It should be noted that for a normal fetch flow, there is no "backend exception" item. However, XiangShan, for the sake of saving hardware resources, only transmits 41/50 bits of the PC in the frontend (Sv39*4 / Sv48*4). For instructions like jr, jalr, etc., the jump target comes from a 64-bit register. According to the RISC-V specification, an address is illegal if the high bits are neither all 0s nor all 1s, and this should trigger an exception. This check can only be performed by the backend and is sent to the Ftq along with the backend redirect signal, and then sent to the ICache along with the fetch request. It is essentially a type of ITLB exception, so the description and handling are the same as ITLB.

Additionally, an L2 cache response being corrupt via the TileLink bus can be due to an L2 ECC error (d.corrupt), or it could be a denied access due to no permission to access the bus address space (d.denied). The TileLink manual specifies that when d.denied is asserted, d.corrupt must also be asserted. Since both situations require marking the fetch block as an access fault, there is currently no need to distinguish between these two cases in the ICache (i.e., no need to specifically check d.denied, which might be automatically optimized away by Chisel and thus not appear in the Verilog).
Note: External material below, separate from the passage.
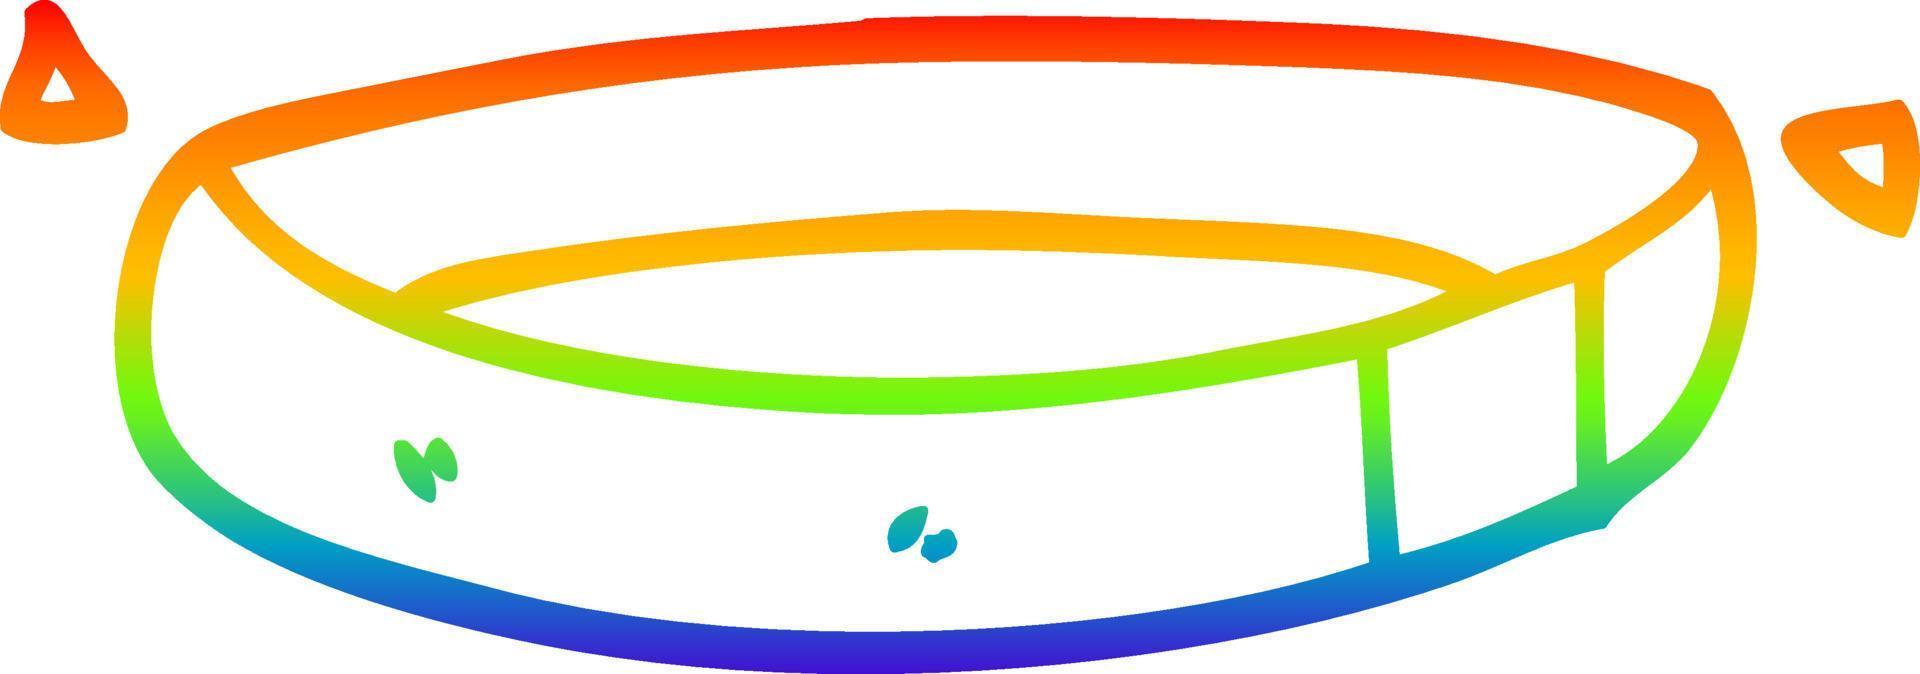 collar de perro de dibujos animados de dibujo de línea de gradiente de arco iris vector

There is a priority among these exceptions: backend exception > ITLB exception > PMP exception > MissUnit exception. This is natural: 1. When a backend exception occurs, the vaddr sent to the frontend is incomplete and illegal, so the ITLB address translation process is meaningless, and any detected exceptions are invalid. 2. When an ITLB exception occurs, the translated paddr is invalid, so the PMP check process is meaningless, and any detected exceptions are invalid. 3. When a PMP exception occurs, the paddr has no access permission, and no (pre)fetch request will be sent, so no response will be received from the MissUnit.

For the three types of backend exceptions and the three types of ITLB exceptions, the backend and ITLB internally perform a prioritized selection, ensuring that at most one is asserted simultaneously.
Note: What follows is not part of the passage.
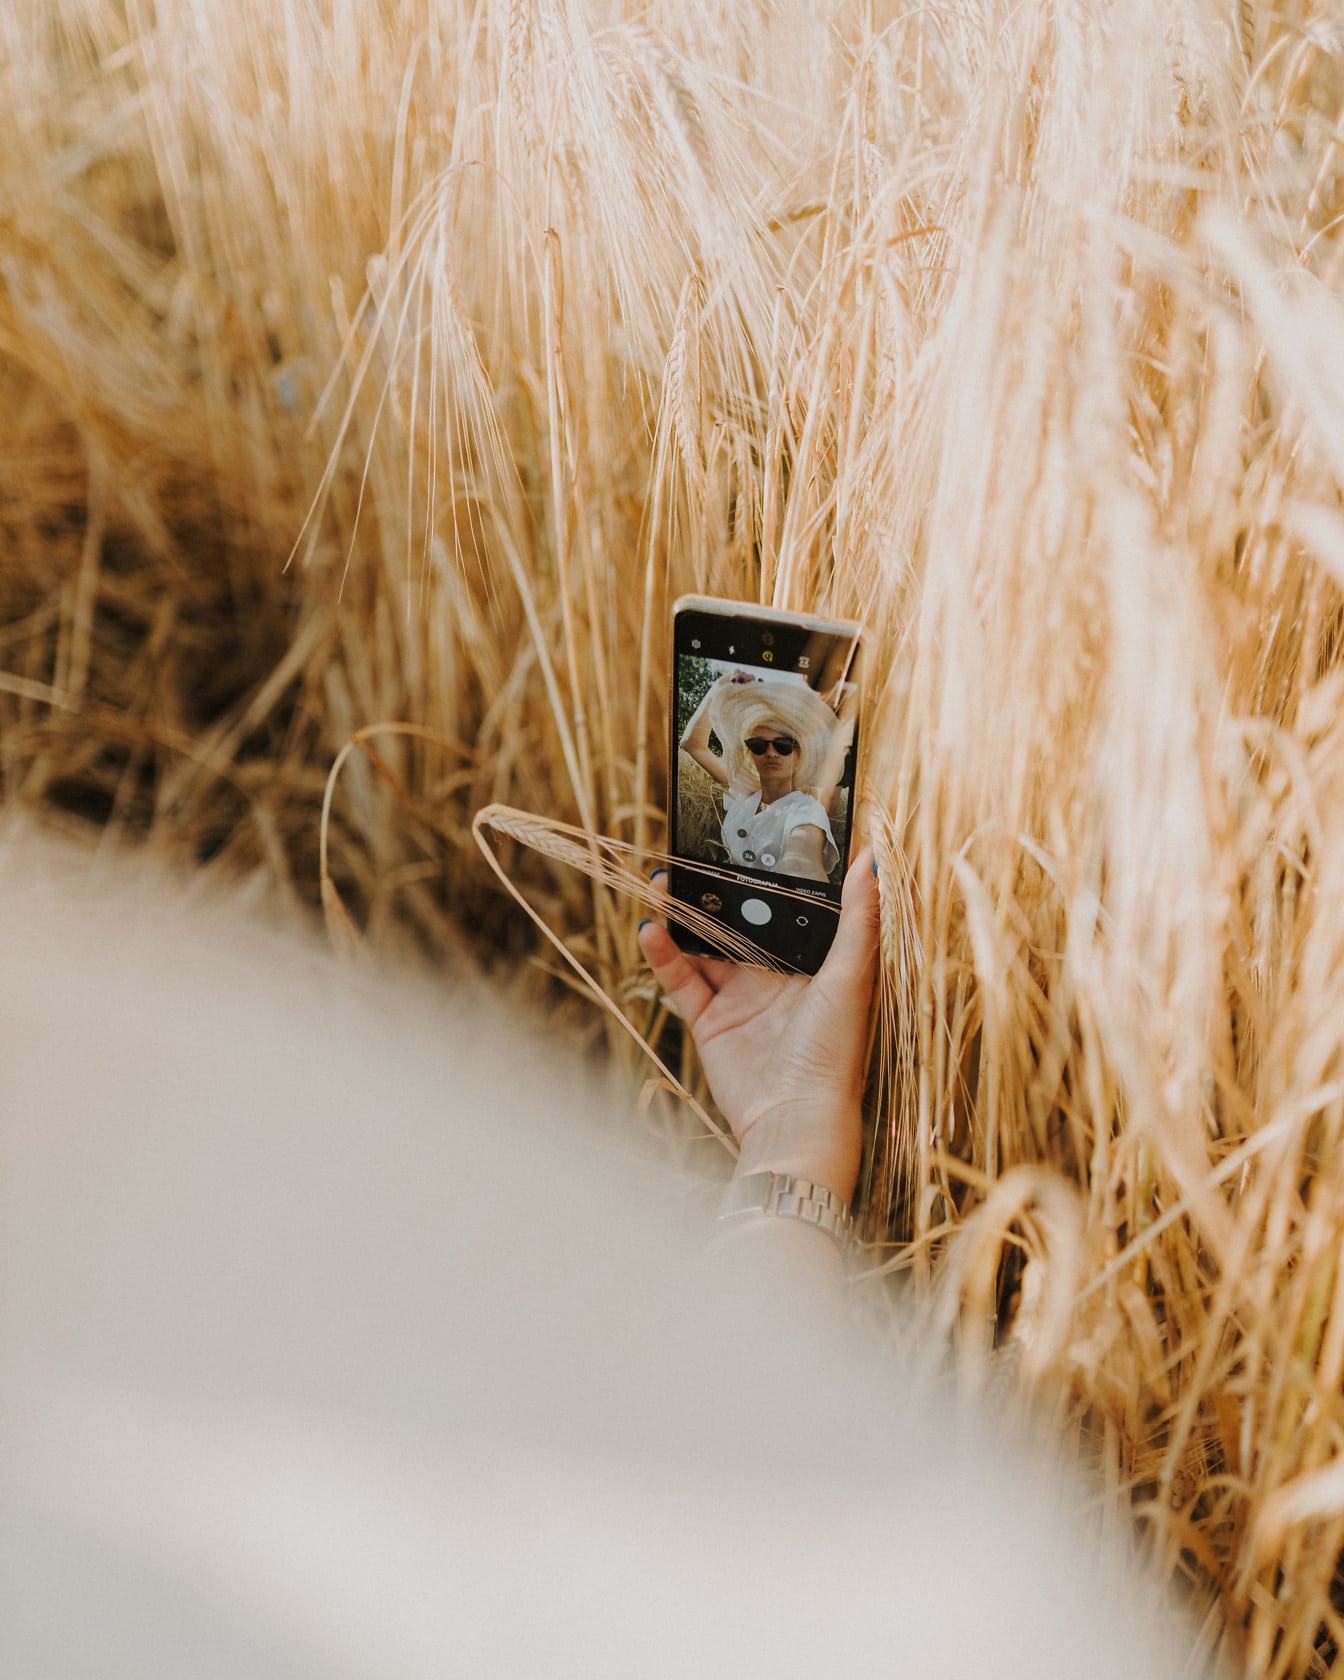 Блондинка в соломенной шляпе делает селфи на мобильный телефон в пшенице

Furthermore, some mechanisms can cause special situations, also referred to as exceptions in older documentation/code, but which do not actually trigger an exception as defined in the RISC-V manual. To avoid confusion, these will be referred to as special cases hereafter:

Source Special Case Description Handling
PMP mmio Physical address is in MMIO space Forbid fetching, mark the fetch block as mmio, perform non-speculative fetching by IFU
ITLB pbmt.NC Page attribute is non-cacheable, idempotent Forbid fetching, perform speculative fetching by IFU
ITLB pbmt.IO Page attribute is non-cacheable, non-idempotent Same as PMP mmio
MainPipe ECC error Main pipeline detects MetaArray/DataArray ECC error See ECC section, handled as ITLB af in older versions, automatic re-fetch in newer versions

DataArray Per-Bank Low-Power Design

Currently, each cacheline in the ICache is divided into 8 banks, bank0-7. A fetch block requires 34B of instruction data, so accessing requires accessing 5 consecutive banks. There are two cases:

  1. These 5 banks are located within a single cacheline (starting address is in bank0-3). Assuming the starting address is in bank2, the required data is in bank2-6. As shown in figure a below.
  2. Spanning across cachelines (starting address is in bank4-7). Assuming the starting address is in bank6, the data is in cacheline0's bank6-7 and cacheline1's bank0-2. This is somewhat similar to a circular buffer. As shown in figure b below.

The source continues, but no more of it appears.